▸ WHAT TO PRODUCE
In the material below, begin at the line that has "SAT, Ministerialprotokoller, klokkerbøker", stop after the line that has "Main Image - Sole", and transcribe those lines exactly, without pictures.
━━━━━ LISTED RECORDS
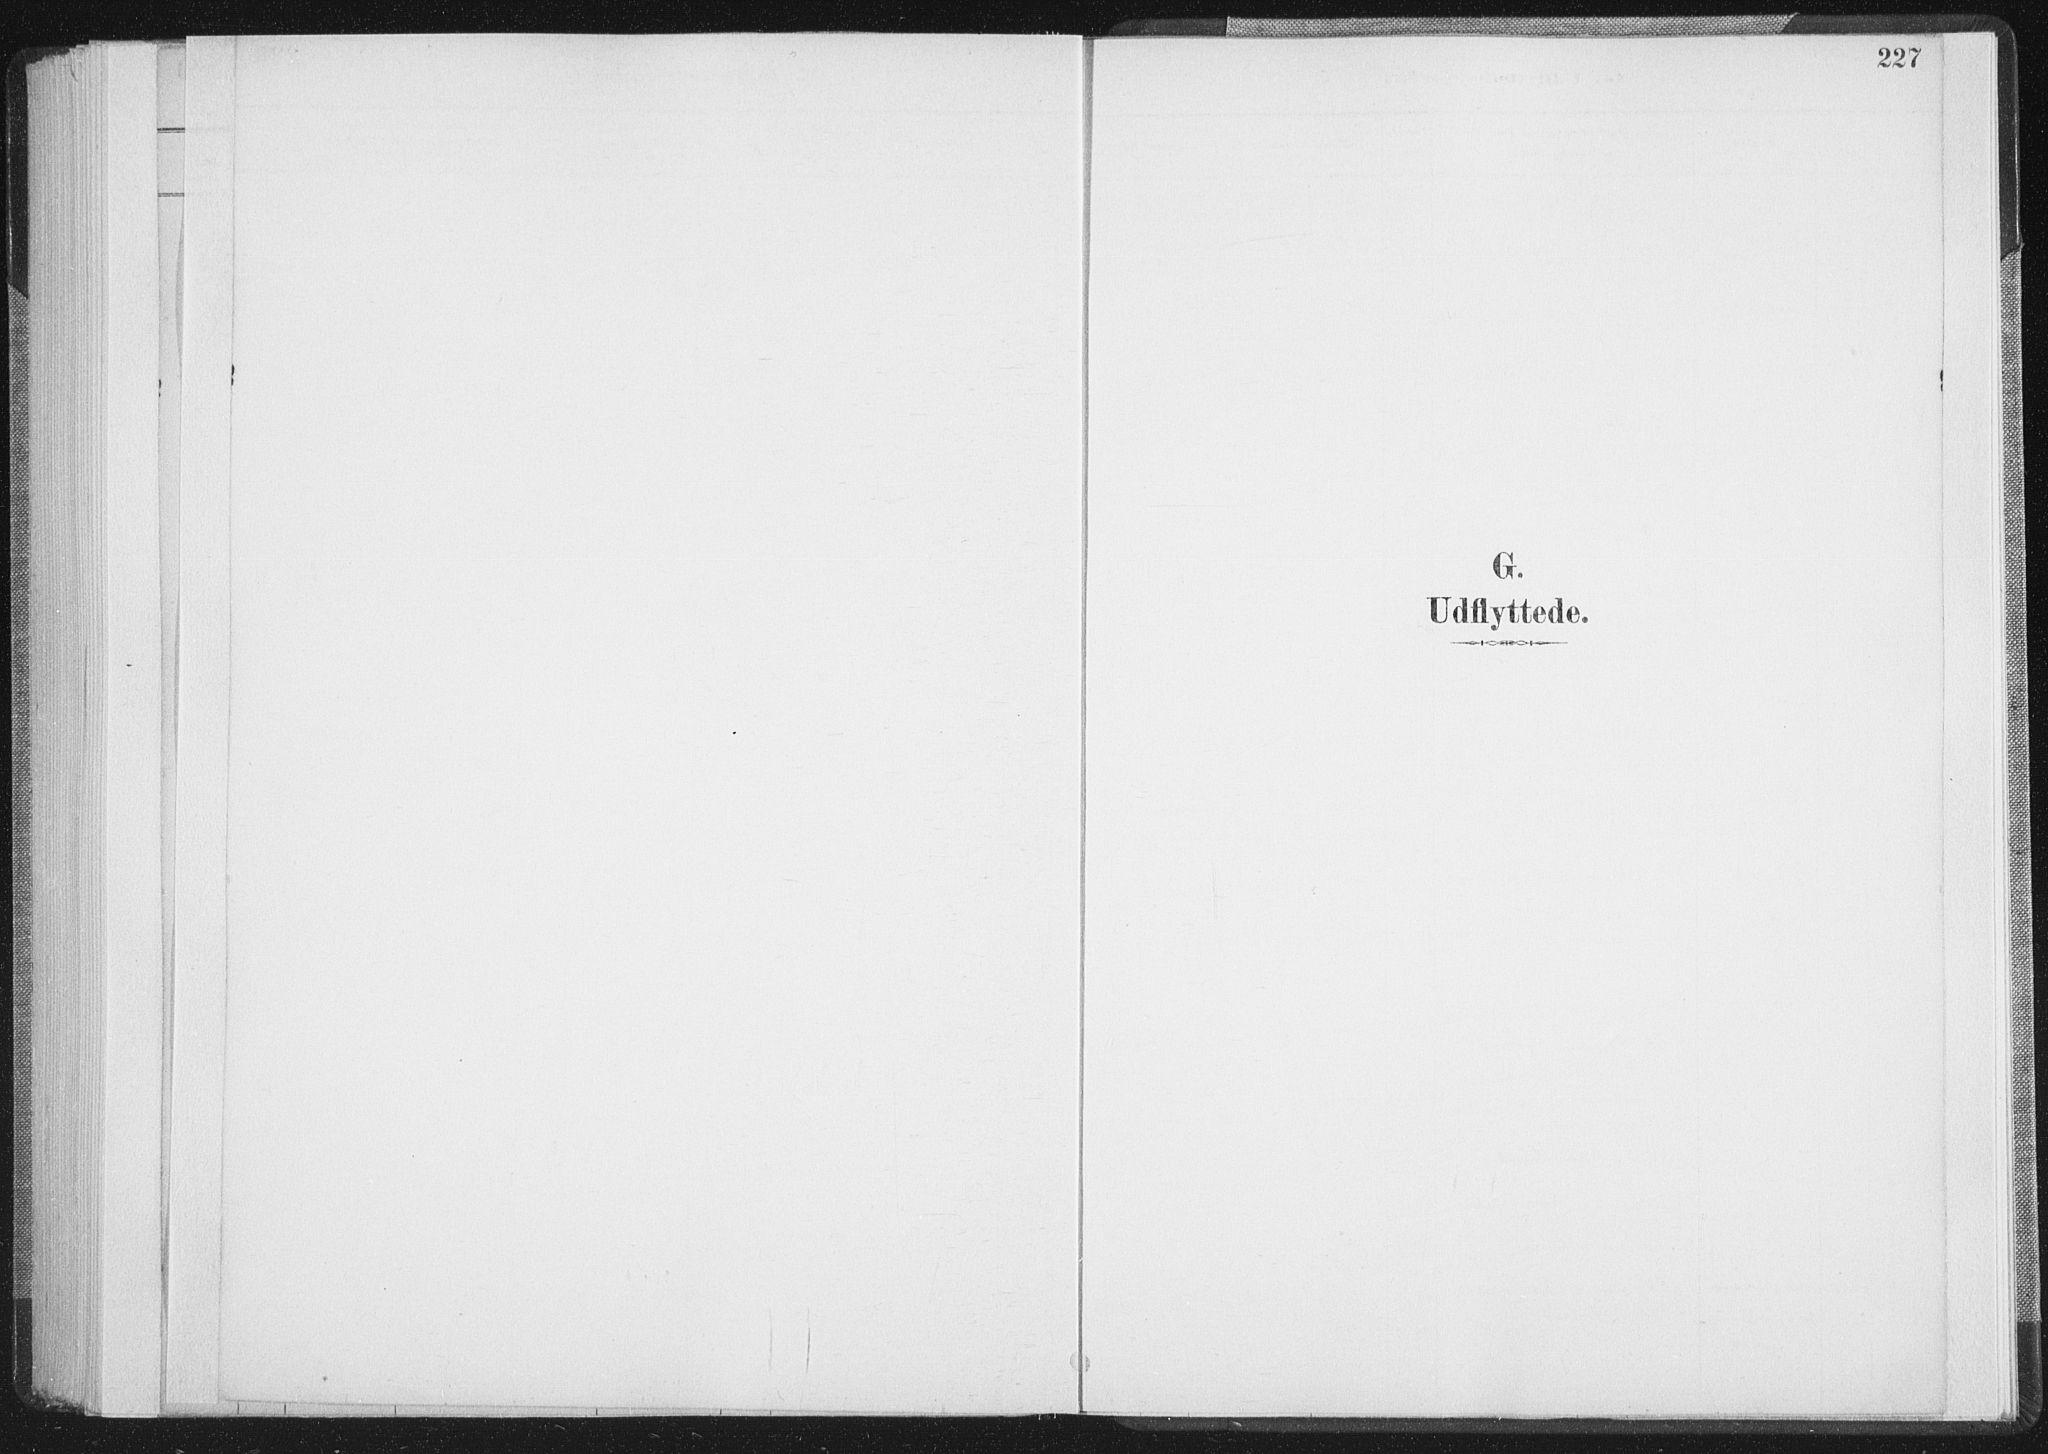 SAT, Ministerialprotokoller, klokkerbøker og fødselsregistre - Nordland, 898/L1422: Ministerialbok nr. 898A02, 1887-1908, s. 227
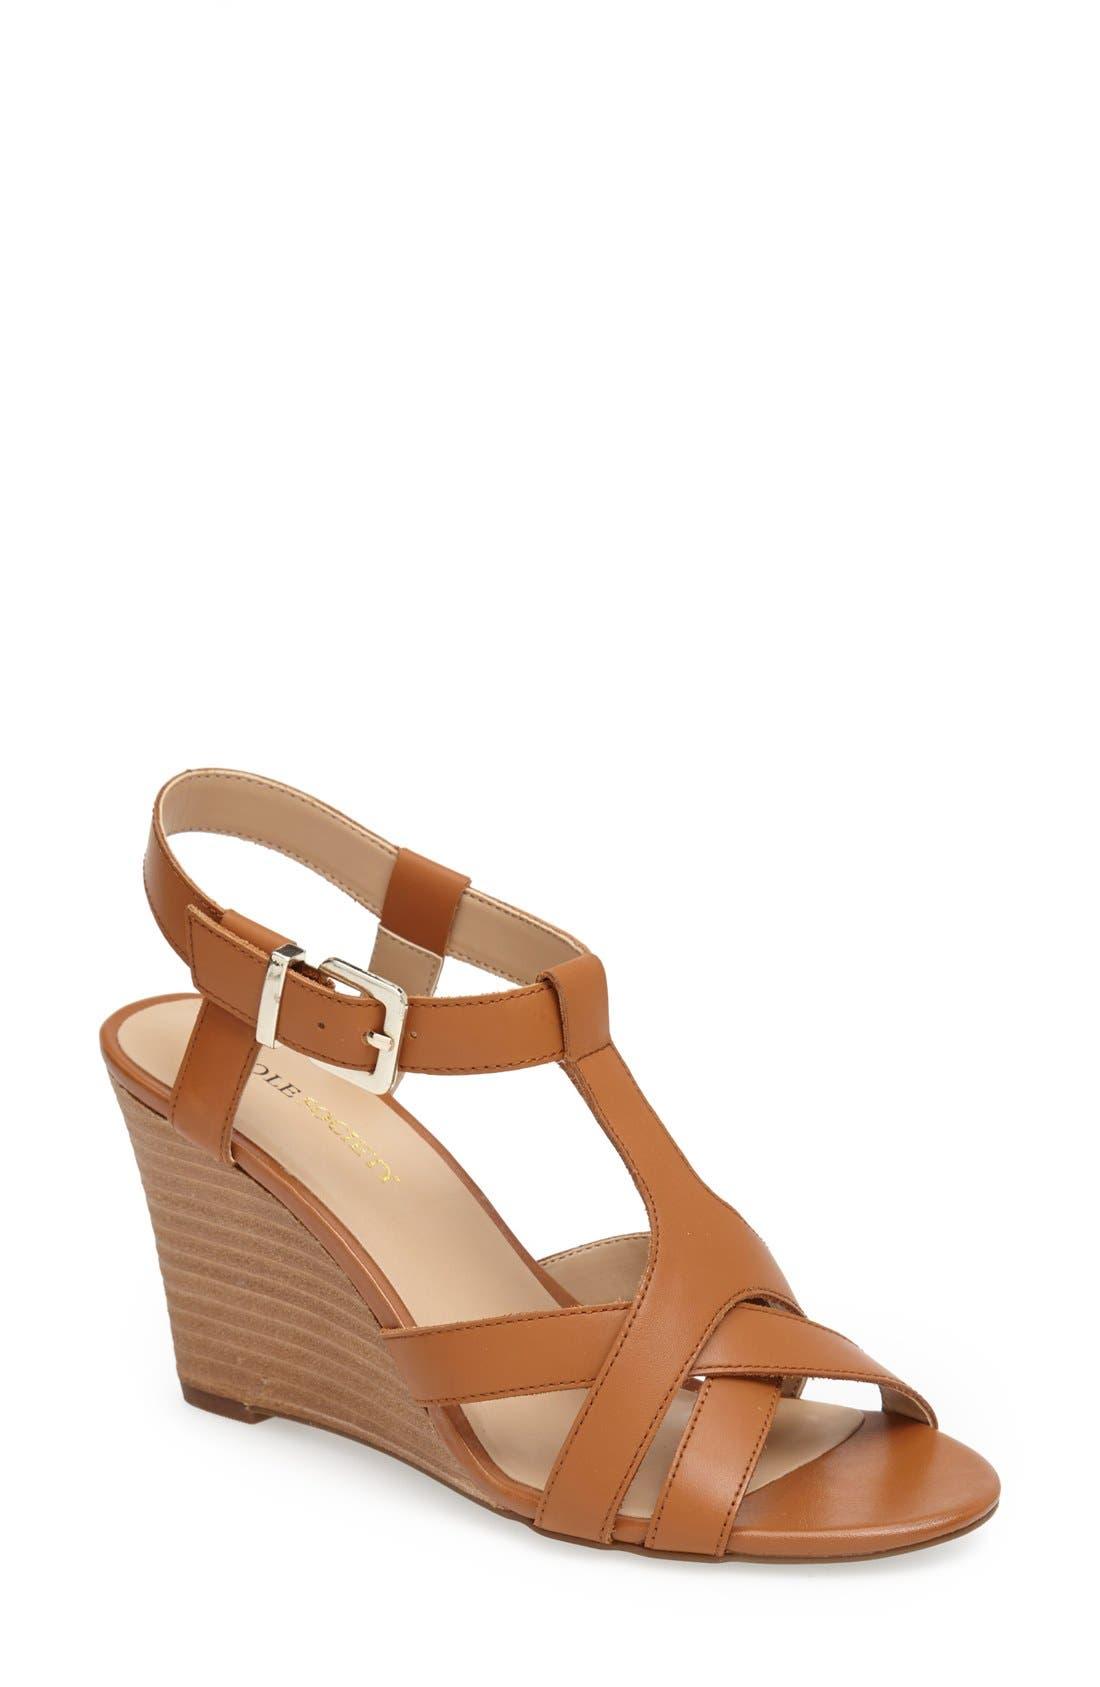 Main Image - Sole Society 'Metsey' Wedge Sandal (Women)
━━━━━━━━━━
━━━━━ LISTED RECORDS
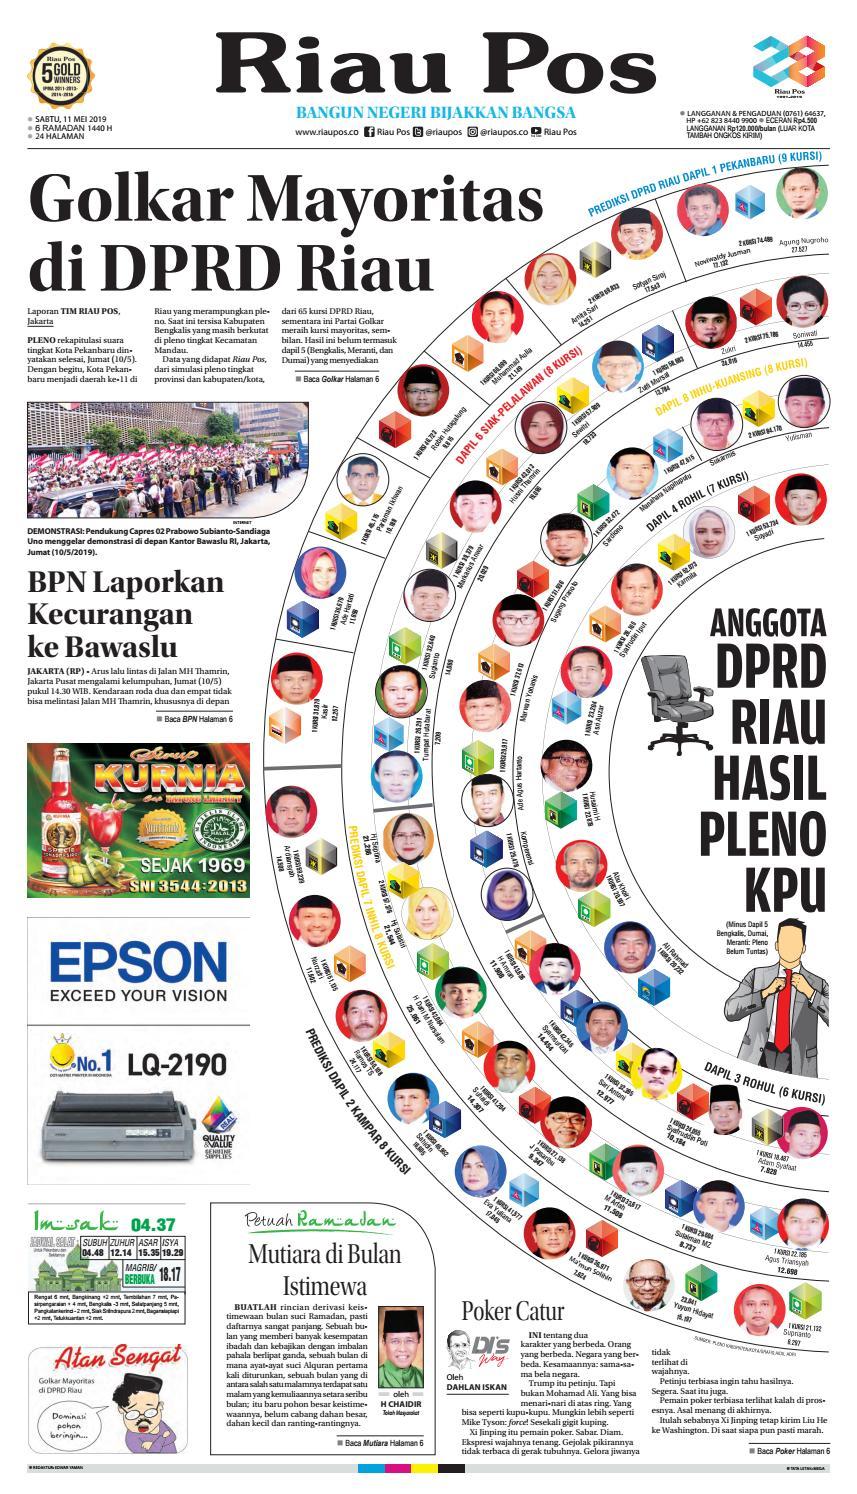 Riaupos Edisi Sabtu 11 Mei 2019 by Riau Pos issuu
━━━━━━━━━━
━━━━━ LISTED RECORDS
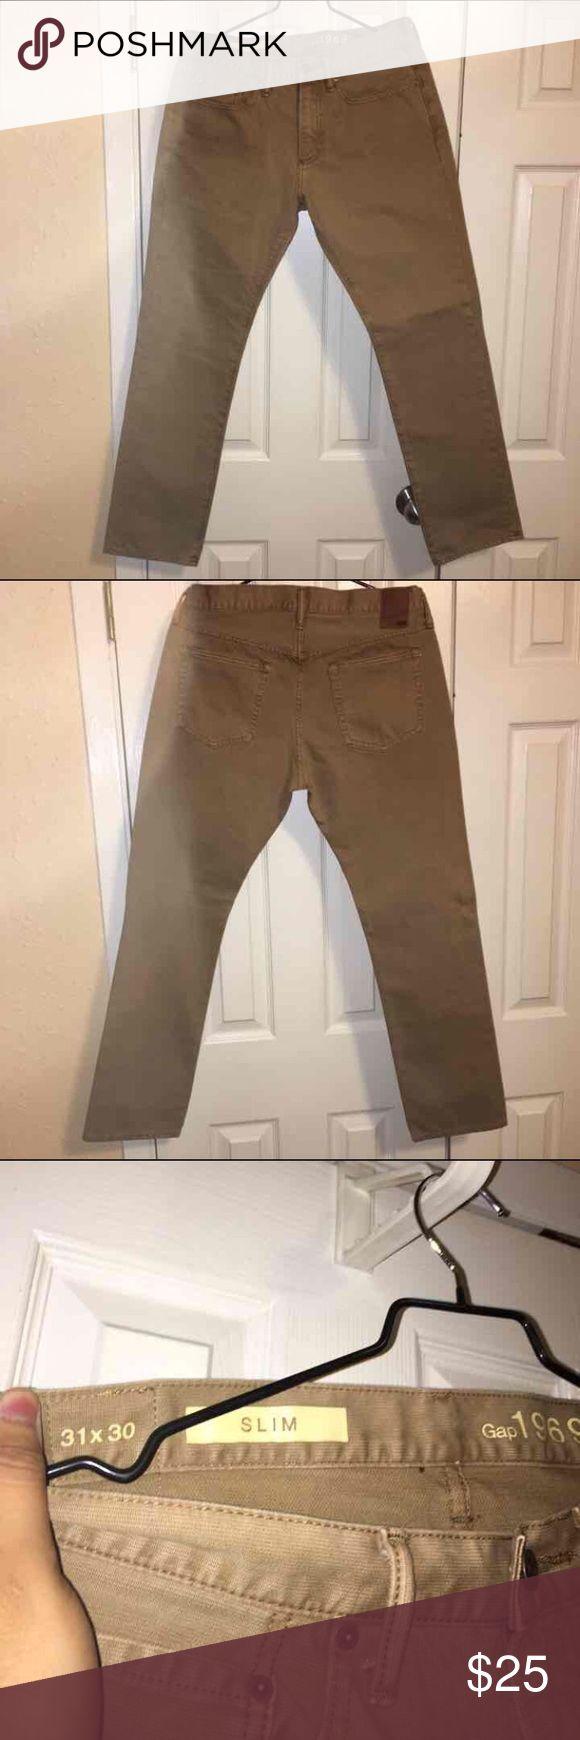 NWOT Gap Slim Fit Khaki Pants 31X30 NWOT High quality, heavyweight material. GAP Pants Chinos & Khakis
━━━━━━━━━━
▸ SOLVED PROBLEM
 SAT, Ministerialprotokoller, klokkerbøker og fødselsregistre - Nordland, 898/L1422: Ministerialbok nr. 898A02, 1887-1908, s. 227
 Main Image - Sole Society 'Metsey' Wedge Sandal (Women)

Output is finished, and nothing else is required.